I would go with Nutro Natural Choice or Nutro Ultra (that's what I have my guy on). 

Nutro Max - I'm not sure what the difference is? We started out with our guys on Nutro Max and somewhere along the way switched to Natural Choice and we had our two previous goldens on it for most of their thirteen years. I think it was just Nutro Max was off the shelves at our stores for a little while and that's why we switched?


----------



## msdogs1976

'Nutro' is just the overall(corporate) name. They offer 3 lines of foods, Nutro Max, Natural Choice and Ultra. Here is a link with all their products and descriptions of each. 

Natural Dog Food | Natural Cat Food | NUTRO® Pet Food Products


----------



## jwemt81

Our dogs don't eat Nutro, but we have our 4 cats on Nutro Max cat food and they do very well on it.


----------



## lgnutah

I have always noticed the Nutro Max sells for less than the Natural Choice or the Ultra. Years ago, the Ultra was much more expensive than NC, but I think NC has been raising it's price so much, that it's close to Ultra.
Then, they all have been reducing the size of the bags! When I first started buying it 5 years ago, the NC came in 40 lb bags, with the 10% bonus bags (44lb at same price as the 40) being available every few months. At that time the Ultra was sold in 35 lb bags.
On those dog food rating sites, Ultra gets a higher rating than NC, and NC is rated higher than Max. But, as people point out, if your dog does well on a food, then it may be just what he needs.


----------



## Megora

Heehee. I only buy the 15lb bags. 

I remember the time that we only spent $22 on a 17lb bag of Natural Choice dog food. Now it's $28 (with $3 coupon from the nice Nutro Lady who's at the store on weekends) for a 15lb bag of Ultra. 

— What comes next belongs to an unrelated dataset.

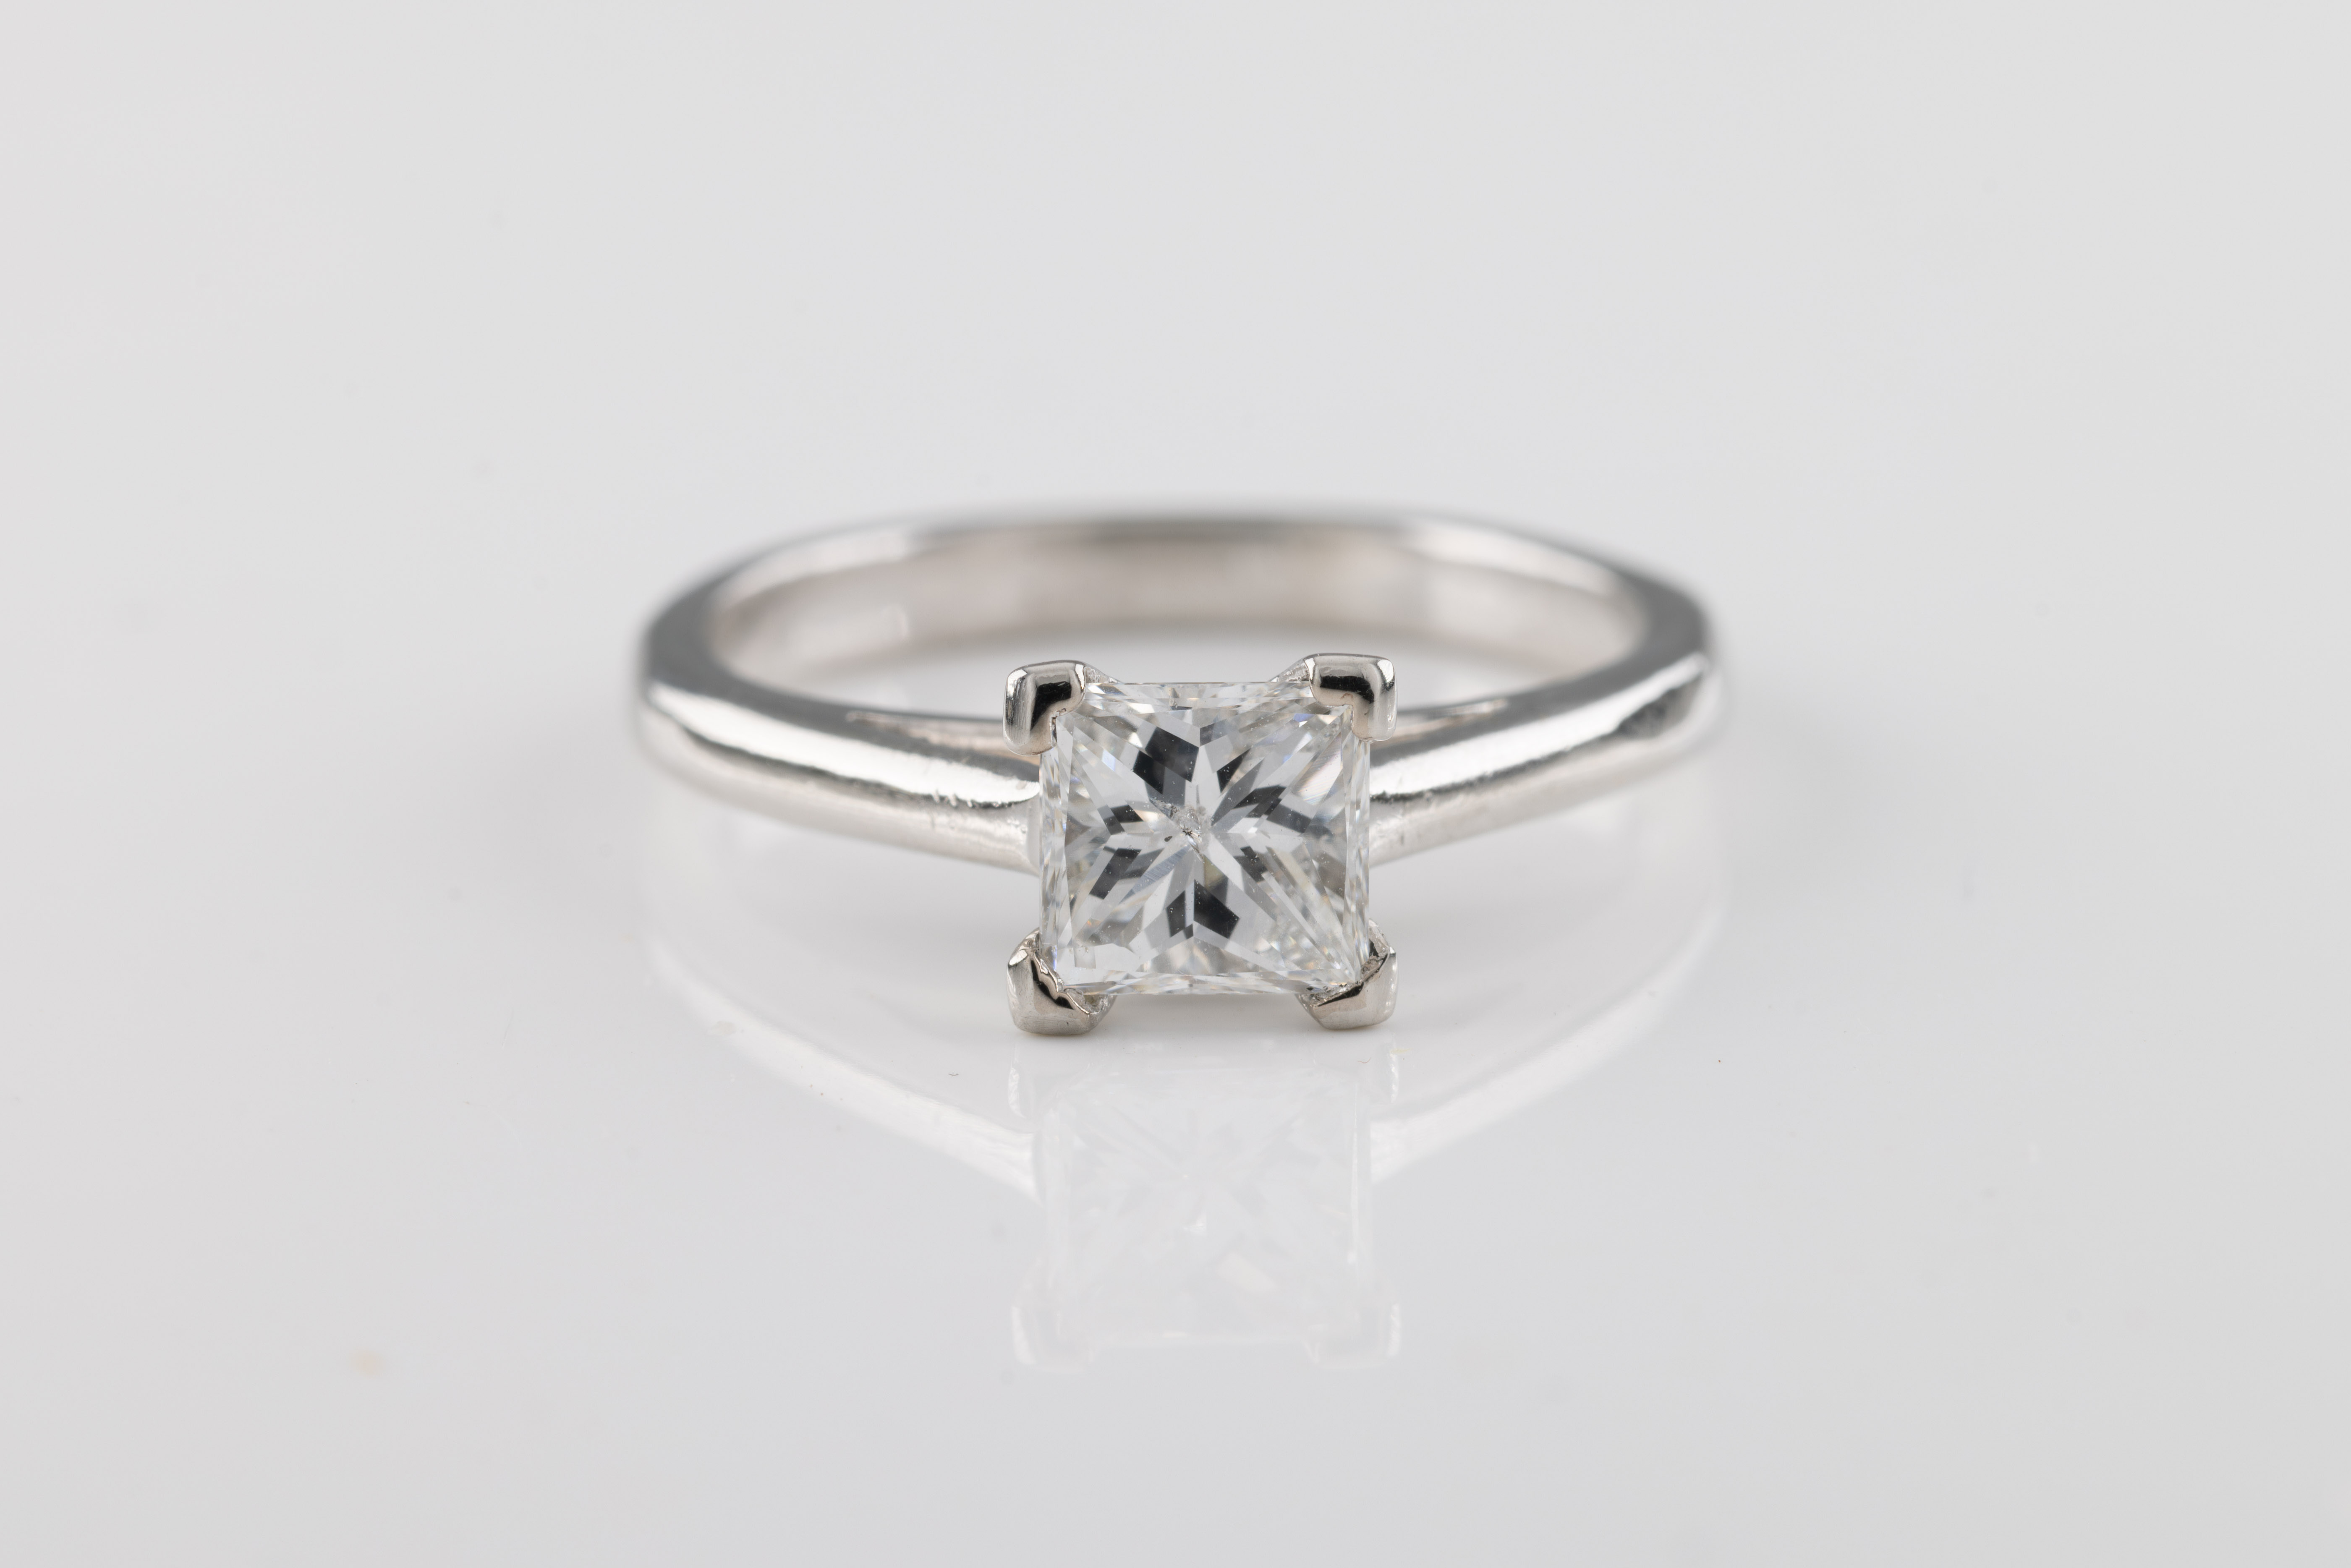 A princess-cut diamond solitaire ring

But it's good quality dog food....


----------



## amy22

I have always fed my dogs Nutro Natural Choice Lam and Rice or the Lite. They all have done wonderfully on it.


----------



## Goldenmomma

I have used Nutro Natural Choice for seven years (maybe longer). It was recommended by my vet for my basset's allergies. My basset is on the lite (the vet used the "O" word once because she had gained puppy weight-she had to clean up their food bowls). My Scotty is on Sensitive Stomach, but Sully has had to change to DVP Natural Balance LID this month due to her sensitivity. I still recommend NC because of so many years of great health. Expensive, but still cheaper than NB. I put my granddog on it while she stayed with us (six months) and her vet said she had never been so healthy. Of course, once my daughter took her back, she put her on something cheaper, but you can only use what you can afford. Good luck.


----------



## mag&bays mom

thanks so much everyone for your imput


----------